Graph Backends¶
The entity graph can be persisted to one of three backends. The
selection is a single config knob (storage.graph_backend);
all higher-level code (correlation engine, graph algorithms, dashboard)
is backend-agnostic.
| Backend | Process model | Persistence | Best for |
|---|---|---|---|
igraph (default) |
In-process | Periodic snapshot to disk | Single-host deployments, dev / test, < 5 M edges. |
falkordb |
External Redis-based service | Native | Multi-instance / clustered deployments, hot read paths. |
postgres_age |
External PostgreSQL + Apache AGE | Native, transactional | When you already operate Postgres and want graph + relational in one place. |
igraph is the zero-config default and matches the in-memory graph
described in Construction and
Algorithms. The other two trade startup cost for
durability and concurrency.
Picking a backend¶
| Question | If yes, lean toward |
|---|---|
| Single Seerflow process? | igraph |
| Multiple Seerflow instances need to share one graph? | falkordb or postgres_age |
| Already running Redis for caching? | falkordb |
| Already running Postgres and want one operational dependency? | postgres_age |
| Need transactional consistency between graph writes and SQL state? | postgres_age |
| Read-heavy analytical workloads (PageRank, Louvain) at scale? | falkordb (in-memory) |
igraph (default)¶
In-process graph using the python-igraph library.
storage:
graph_backend: igraph # default — can be omitted
- Storage: writes a snapshot file under
storage.data_diron the same cadence as the model store. No additional service to operate. - Throughput: ~100 K – 500 K edge writes/s on a single host (CPU-bound on hashing).
- Limits: bounded by process memory; igraph's 32 bytes/edge gives ~30 M edges in 1 GB.
falkordb¶
Redis-backed graph (falkordb fork). Connect via a URL — credentials
embedded in the URL are redacted from logs and repr.
storage:
graph_backend: falkordb
falkordb_url: redis://falkordb.internal:6379/0
Operational notes:
- Run a dedicated FalkorDB instance — do not mix on a Redis cache shared with other workloads.
- Set
maxmemory-policy noeviction; eviction policies would silently drop graph nodes. - For HA, run FalkorDB with Sentinel or in a managed environment that preserves the dataset on failover.

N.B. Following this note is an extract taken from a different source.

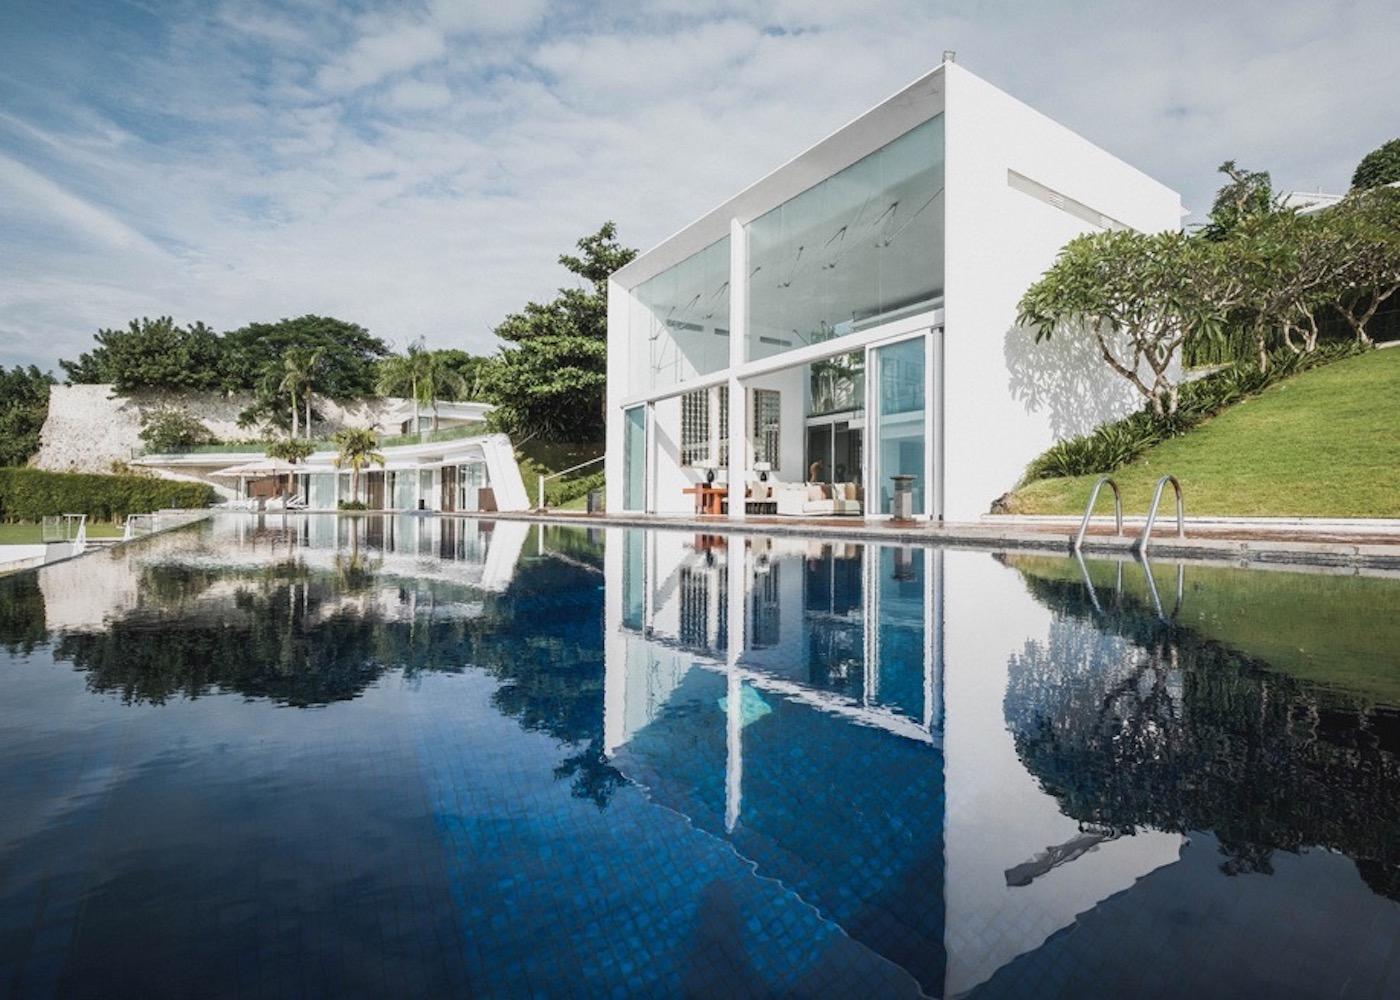 Villa Latitude - one of the most beautiful wedding villas in Bali
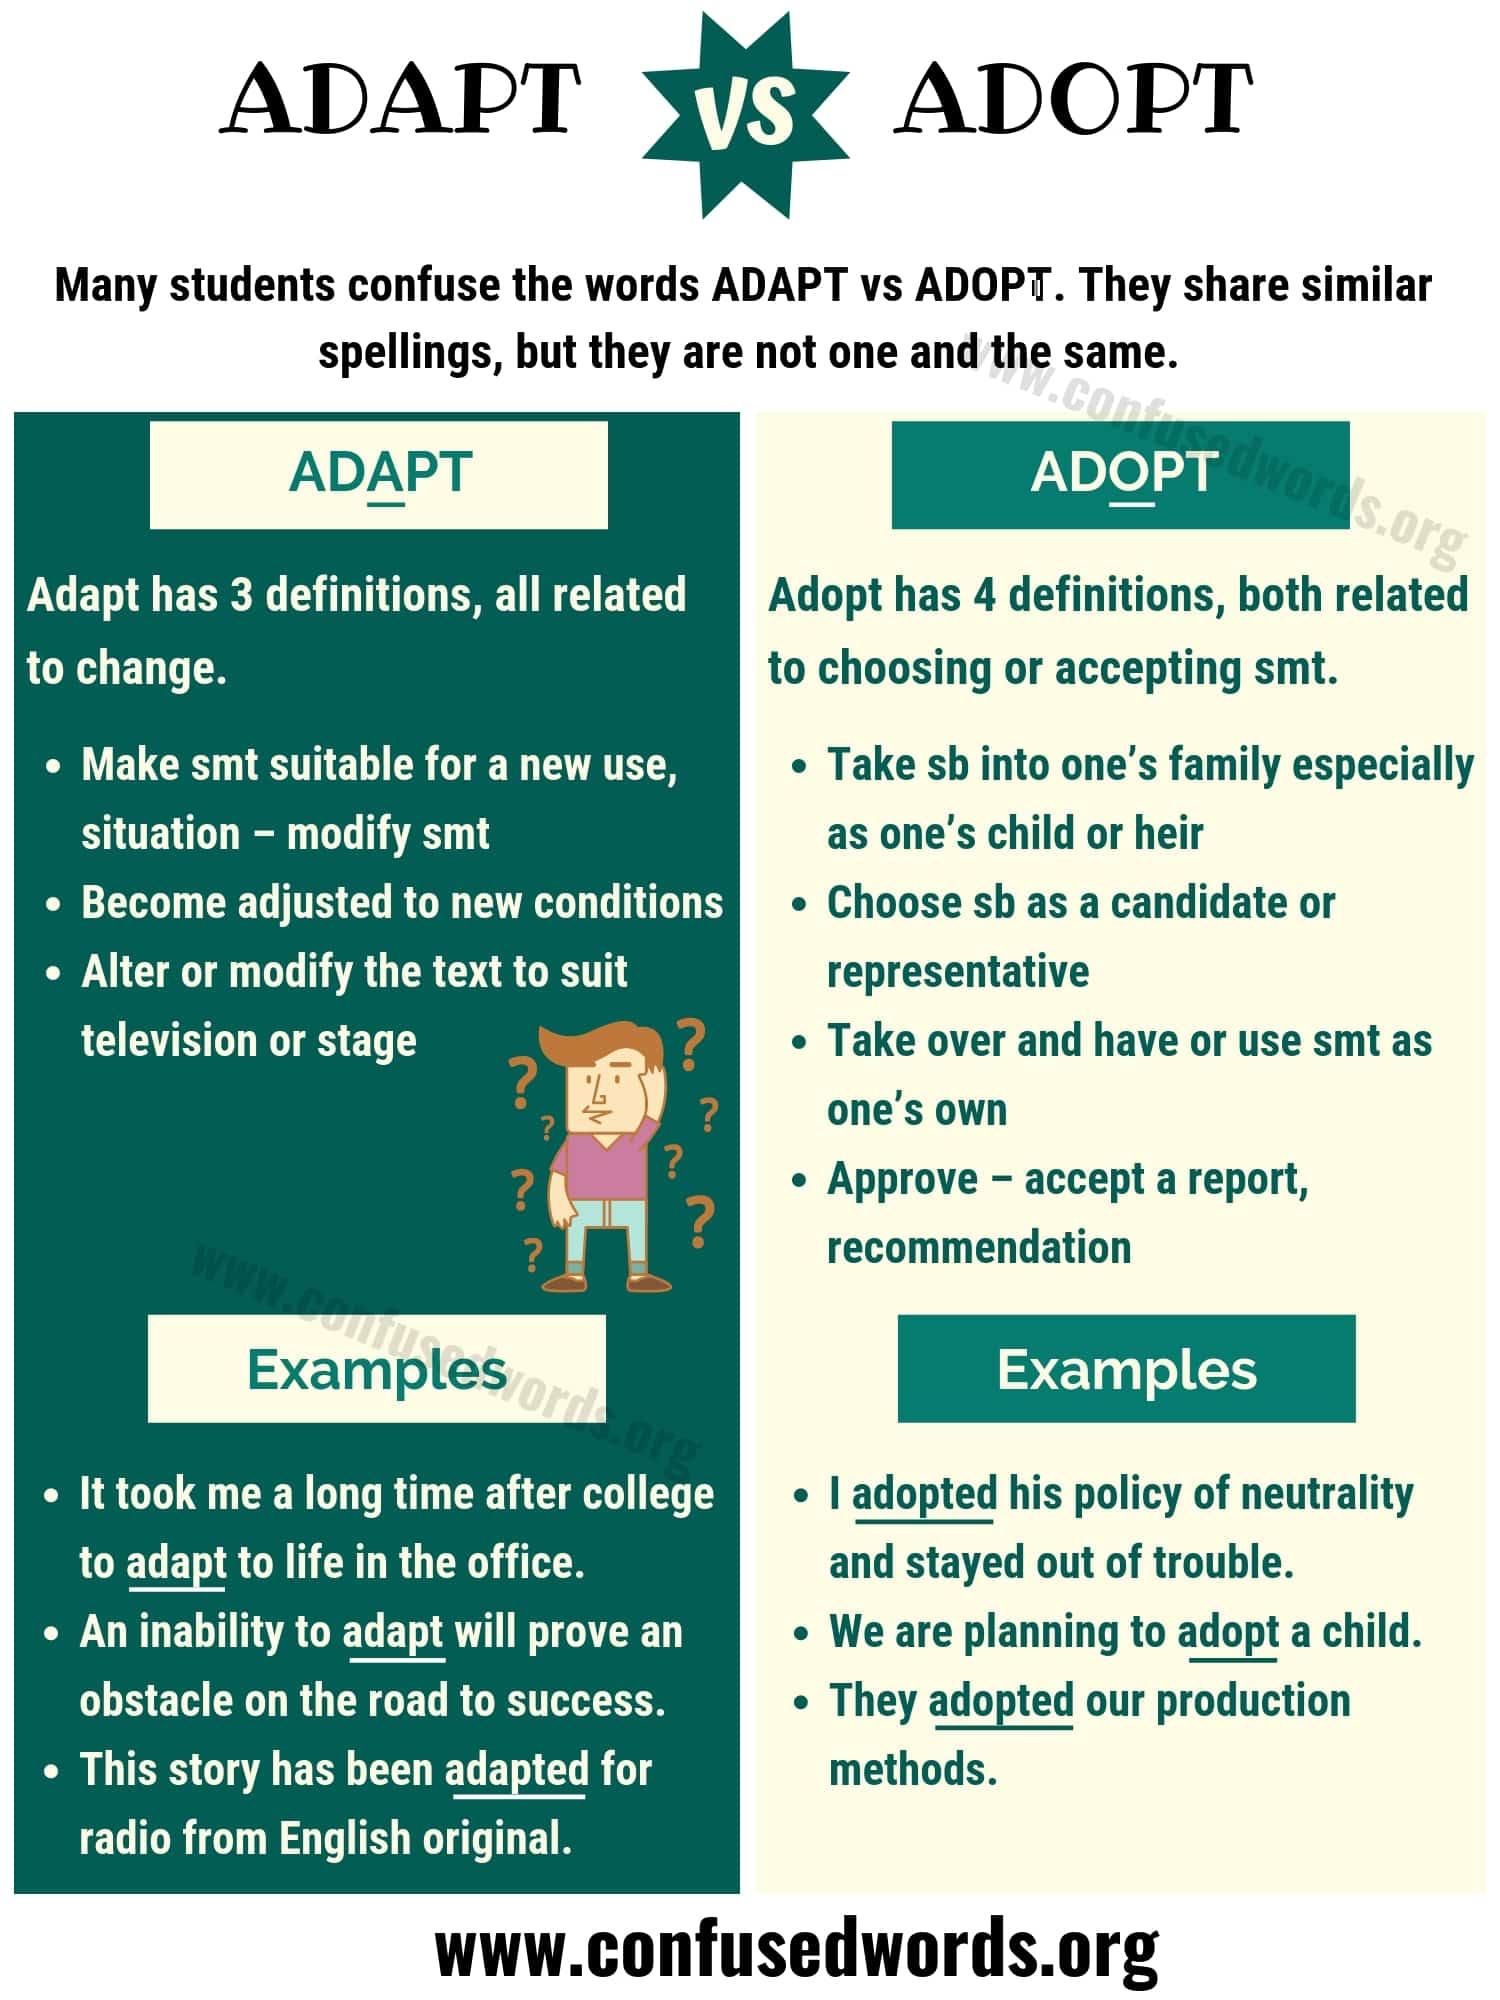 ADAPT vs ADOPT

Connection pool is shared with the broader async runtime; no extra tuning needed unless you observe head-of-line blocking under heavy read load.
postgres_age¶
Apache AGE inside PostgreSQL. Reuses
storage.postgresql_url and the
asyncpg pool — no separate connection settings.
storage:
backend: postgresql
postgresql_url: ${DATABASE_URL}
postgresql_pool_min_size: 4
postgresql_pool_max_size: 32
graph_backend: postgres_age
Operational notes:
- The AGE extension must be installed and loaded in the target Postgres instance. Seerflow does not install the extension for you.
- The first startup creates the graph schema (one-time DDL).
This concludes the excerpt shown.